2. Substitute y = (6-3x)/2 into the second curve:
(6-3x)/2 = 3
Multiply both sides by 2: 6-3x = 6
Subtract 6 from both sides: -3x = 0
Divide both sides by -3: x = 0
Now, substitute x = 0 into the third curve: y = (6-3*0)/2 = 6/2 = 3
So, the second curve intersects with the third curve at the point (0, 3).

Now, we can sketch the region enclosed by the curves:

1. Start by graphing the curves individually.
- The first curve is a square root function that starts at the origin and increases as x increases.
- The second curve is a horizontal line at y = 3.
- The third curve is a line with negative slope and y-intercept at (0, 3) or (0, 3/2).

2. The points of intersection are at (4, 3) and (0, 3).
Draw vertical lines at x = 0 and x = 4 to mark the boundaries of the region.

3. Shade the region enclosed by the curves.

To find the area of the region, we need to determine whether to integrate with respect to x or y.

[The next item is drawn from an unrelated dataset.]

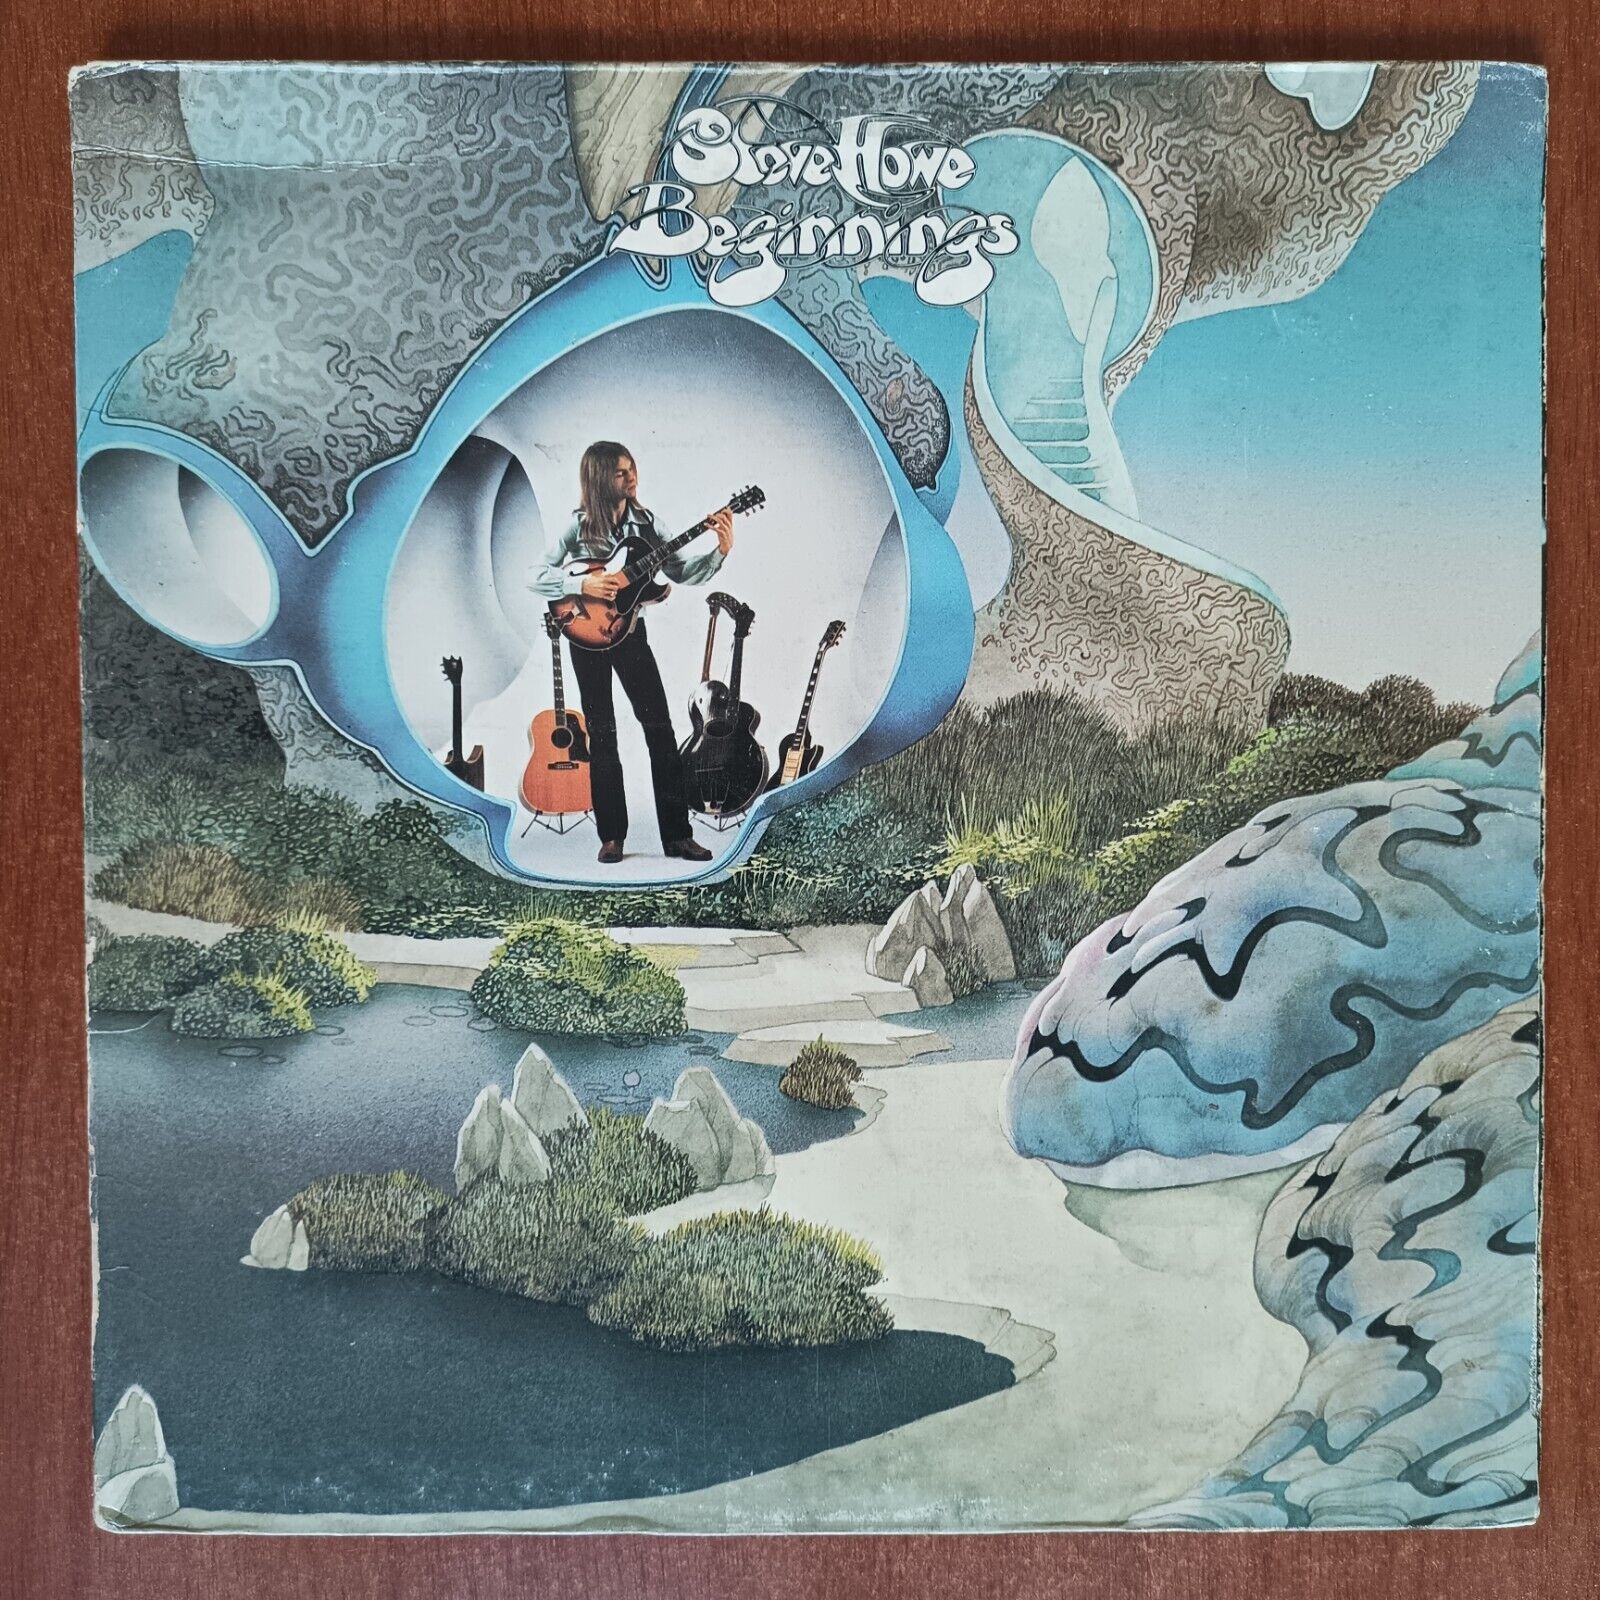 Steve Howe – Beginnings [1975] Vinyl LP Alternative Rock Prog Rock Altantic US

Looking at the sketch, we can see that the region lies between two vertical lines. Therefore, we need to integrate with respect to x.

To find the area, integrate the difference in y-values with respect to x between the boundaries, which are x = 0 and x = 4. So, we need to calculate ∫[0, 4] (3 - (6-3x)/2) dx.

Evaluating the integral, we get the area of the region enclosed by the curves.